3.4 Document Similarity
Large number of techniques have been developed for measuring similarity between a pair of text. Variations exist with respect to representations used for text similarity computation. Lexical similarity techniques use surface form text but often give suboptimal results owing to not considering semantics (automobile and car are considered as distinct as automobile and banana) and context (Apple computer and apple pie are considered similar as they share a term). Corpus based similarity (or semantic similarity) techniques such as Latent Semantic Analysis (LSA) have shown to perform well by addressing these problems. LSA (and related techniques) project documents to a suitably chosen lower dimensional subspace, where cosine similarity has shown to be a reasonable estimate of semantic similarity. Knowledge based measures use background knowledge such as WordnetFootnote 5 or domain specific ontologies to estimate how similar two documents are.
Mohler et al. compared performance of corpus based measures with a number of unsupervised knowledge based measures [30]. Their experiments on a 630 answer dataset did not bring out significant differences in performances of different measures. However, the authors opined that corpus based measures are more generalizable as their performance can be improved by improving corpora relevance and increasing corpora size. In a follow up paper, they proposed hybrid techniques using graph alignment on dependency graph (between students’ answers and instructor’s answer-key) and lexical semantic similarity measures [29]. On the same dataset, Gomaa and Fahmy compared several lexical and corpus based similarity algorithms (13 string based and 4 corpus) and their combinations for grading answers in 0–5 scale [11]. Combination of different string matching and overlap techniques were studied by Gutl on a small scale dataset [16]. Mintz et al. compared different measures such as Word Count, Information Content [36] and Coh-Metrix [26] to score summaries based on features such as narrativity, syntactic simplicity etc. [27].
LSA has been extensively used for assessment tasks as researchers observed that capturing semantic similarity is most important (student answer should mean the same and not necessarily read the same as model answers).

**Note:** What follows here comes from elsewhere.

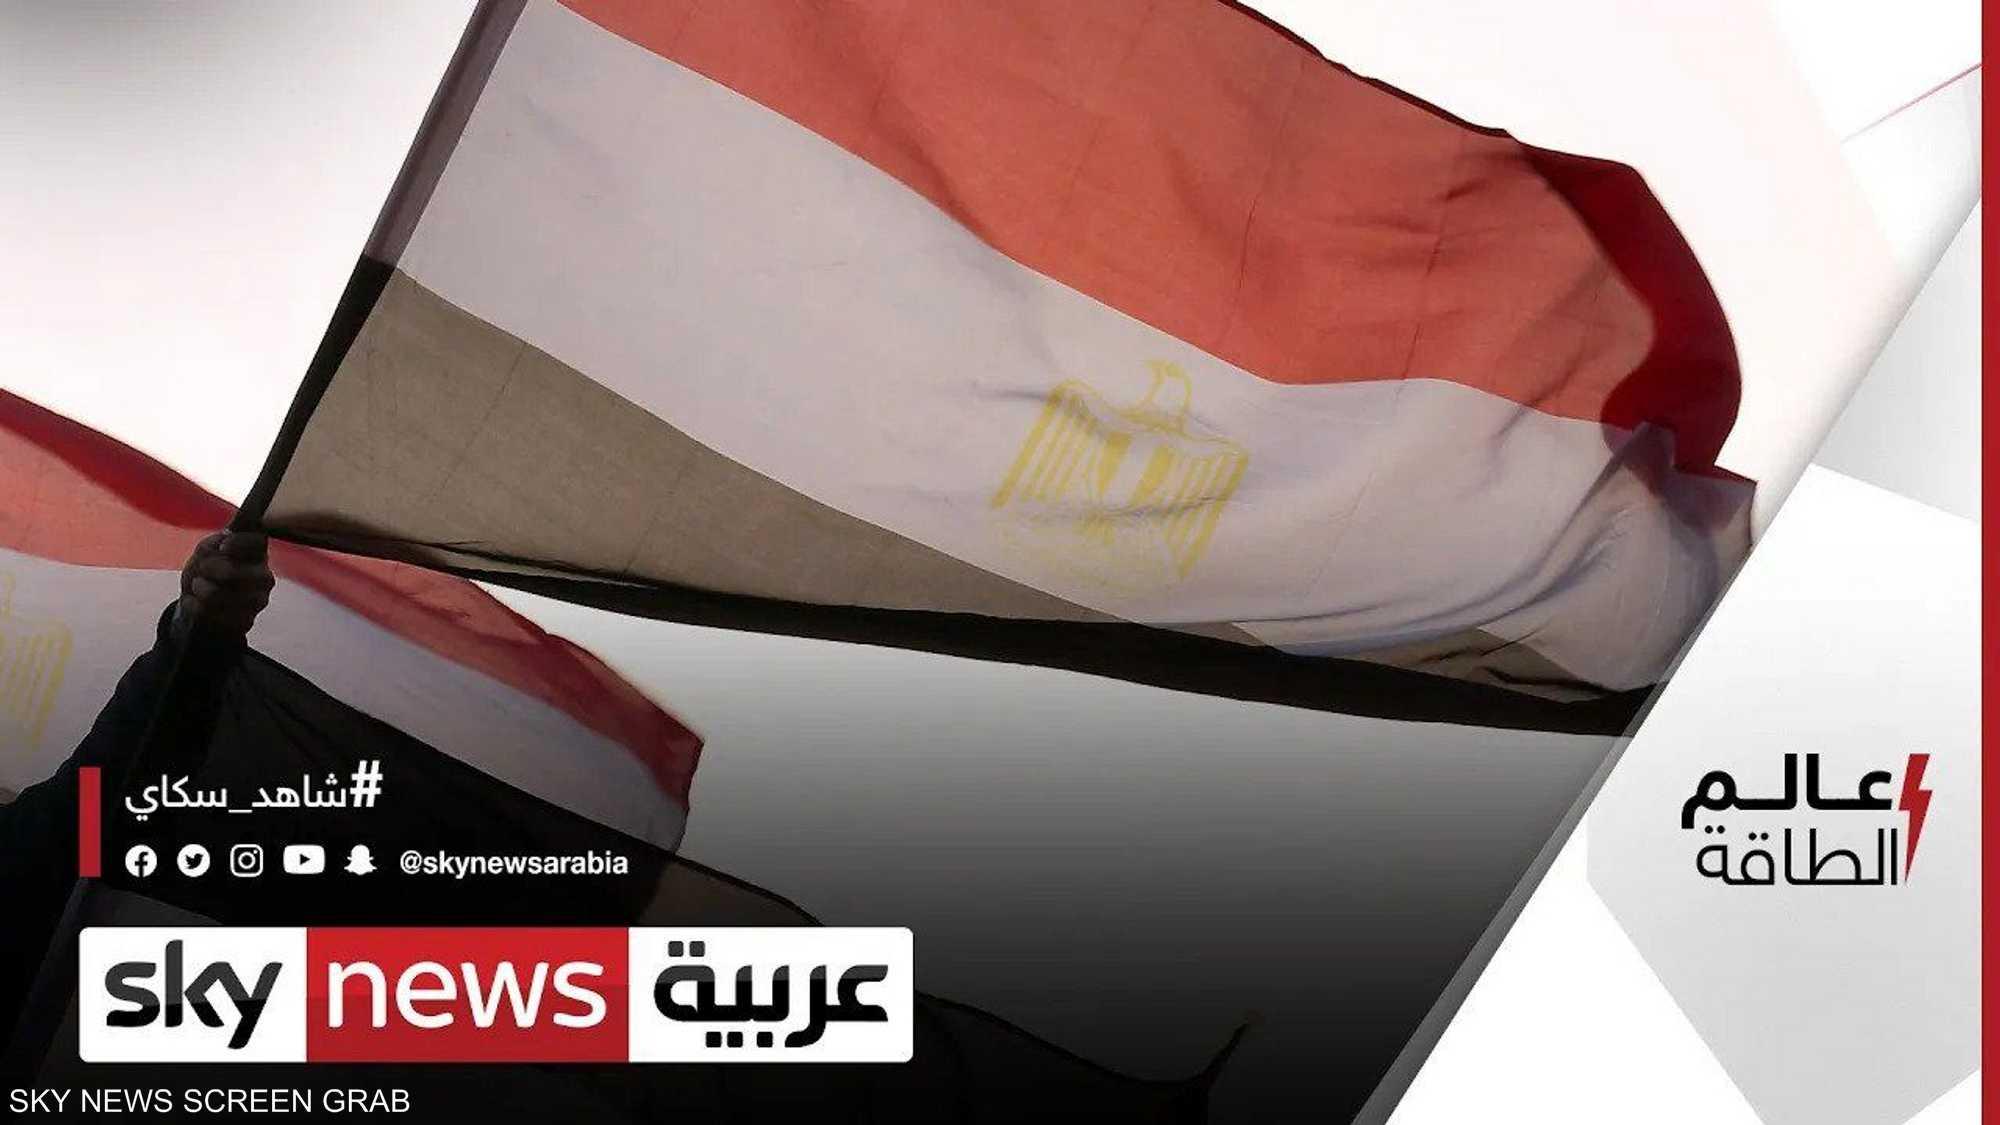 مصر تصدر أول سندات خضراء في الشرق الأوسط وشمال أفريقيا

One of the early tutoring systems AutoTutor [52] used LSA to compare students’ answers to model answers by calculating distance between their corresponding vector projections [13]. If cosine similarity of a student response was greater than a threshold then the answer was considered correct. In addition to correct answers, they also had a list of anticipated bad answers – high similarity with those indicated incorrect student response. In a related work, they studied effect of size and specificity of corpora used for creating LSA space on accuracy of automatic assessment [53]. They reported that performance of automatic assessment improved with corpus size though the increase was not linear. They also reported that the performance improved with specificity and relevance of corpus to the task at hand which is a well accepted wisdom in the field now.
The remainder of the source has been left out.